> **Data under study**
▬▬▬▬▬▬
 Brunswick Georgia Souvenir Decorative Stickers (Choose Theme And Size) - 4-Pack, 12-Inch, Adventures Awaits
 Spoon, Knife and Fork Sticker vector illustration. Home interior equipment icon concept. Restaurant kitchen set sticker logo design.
▬▬▬▬▬▬
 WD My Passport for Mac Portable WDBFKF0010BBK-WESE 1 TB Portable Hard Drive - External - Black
▬▬▬▬▬▬
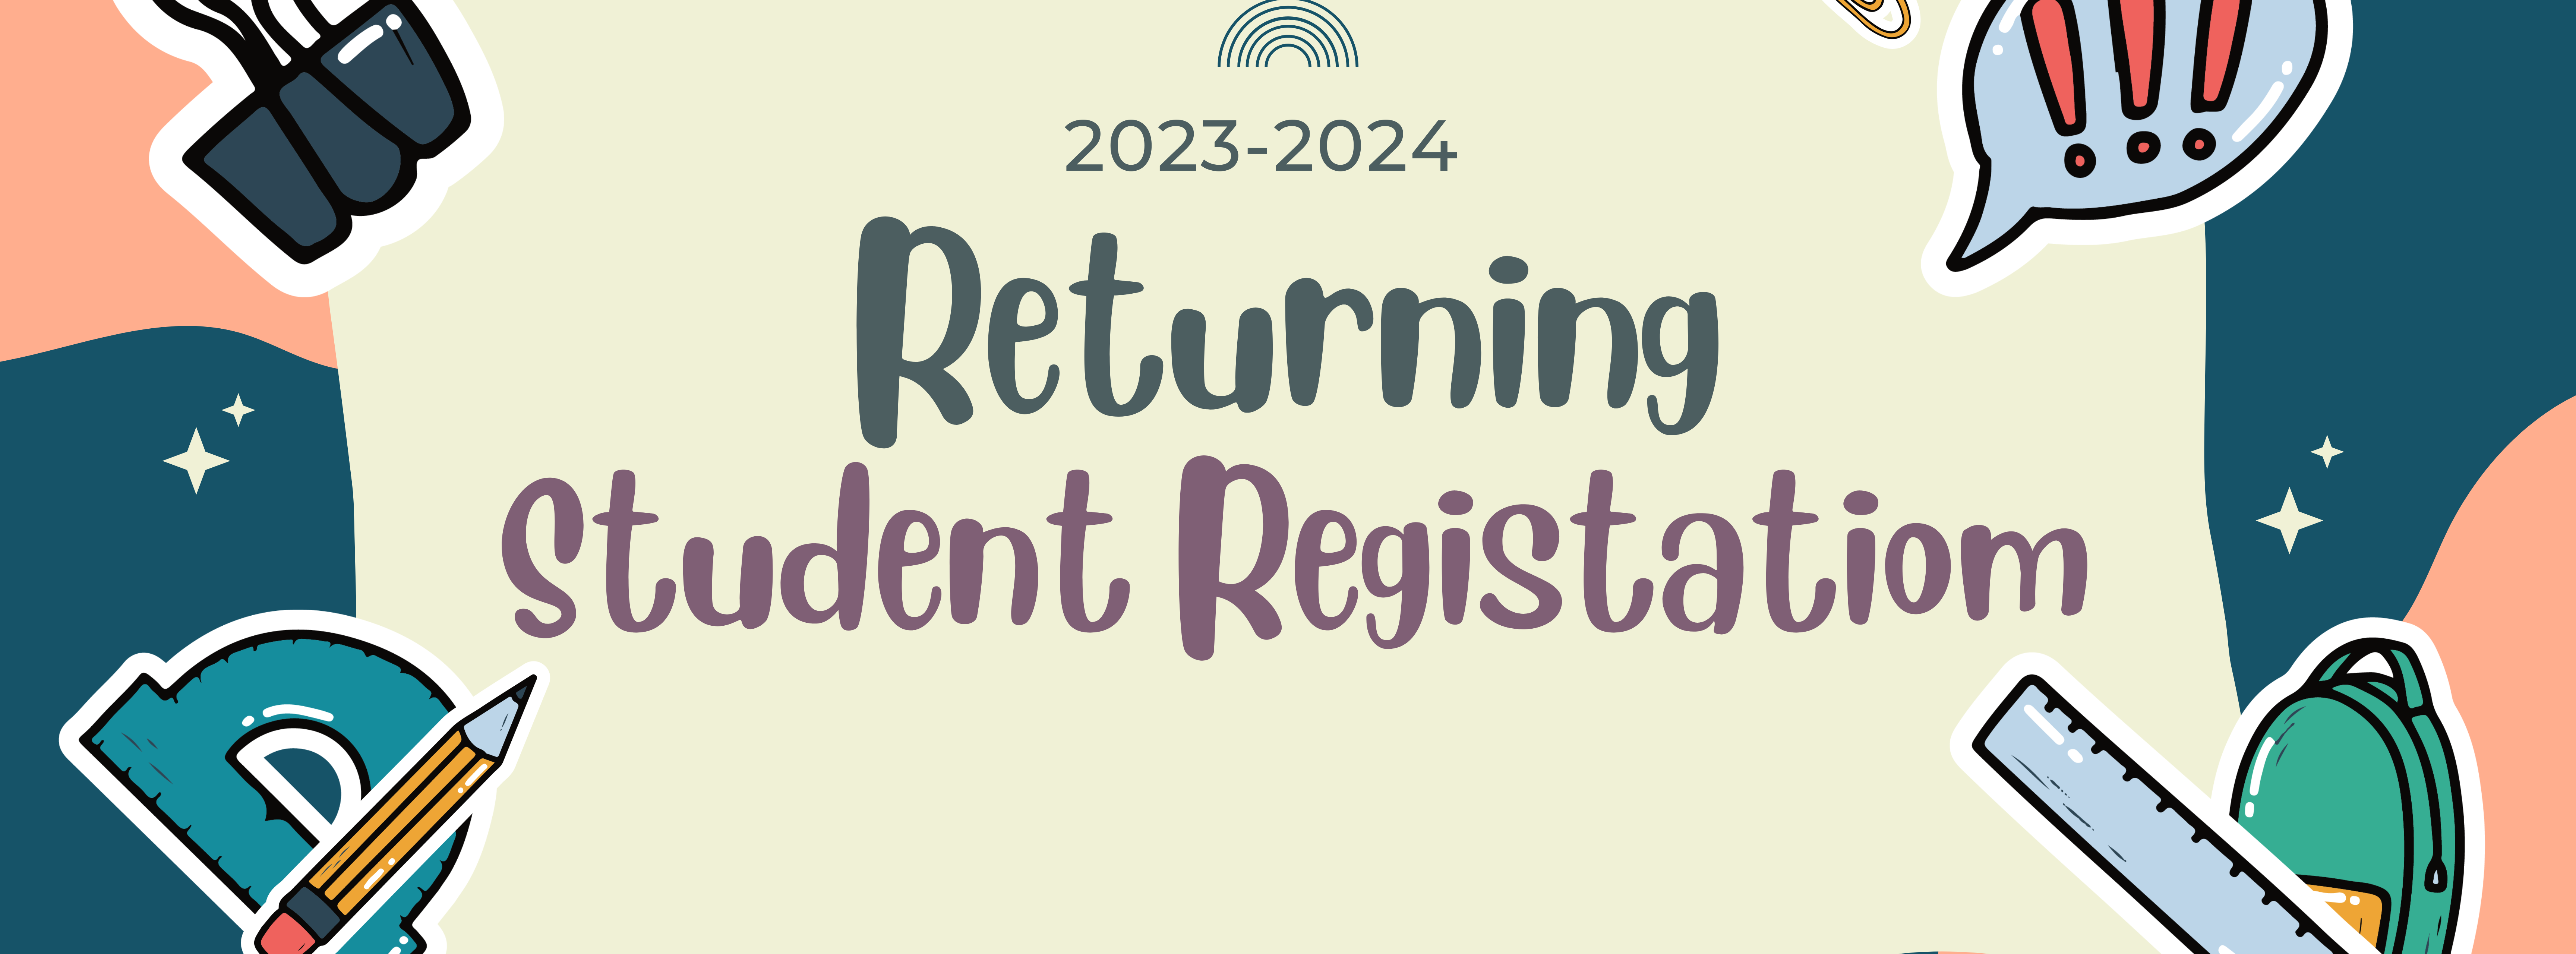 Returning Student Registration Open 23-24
▬▬▬▬▬▬
> **What to produce**
In the entries above, restate word for word the lines between the one holding "Brunswick Georgia Souvenir" and the one holding "Spoon, Knife and", inclusive, and nothing besides.

> **Solution below**
 Brunswick Georgia Souvenir Decorative Stickers (Choose Theme And Size) - 4-Pack, 12-Inch, Adventures Awaits
 Spoon, Knife and Fork Sticker vector illustration. Home interior equipment icon concept. Restaurant kitchen set sticker logo design.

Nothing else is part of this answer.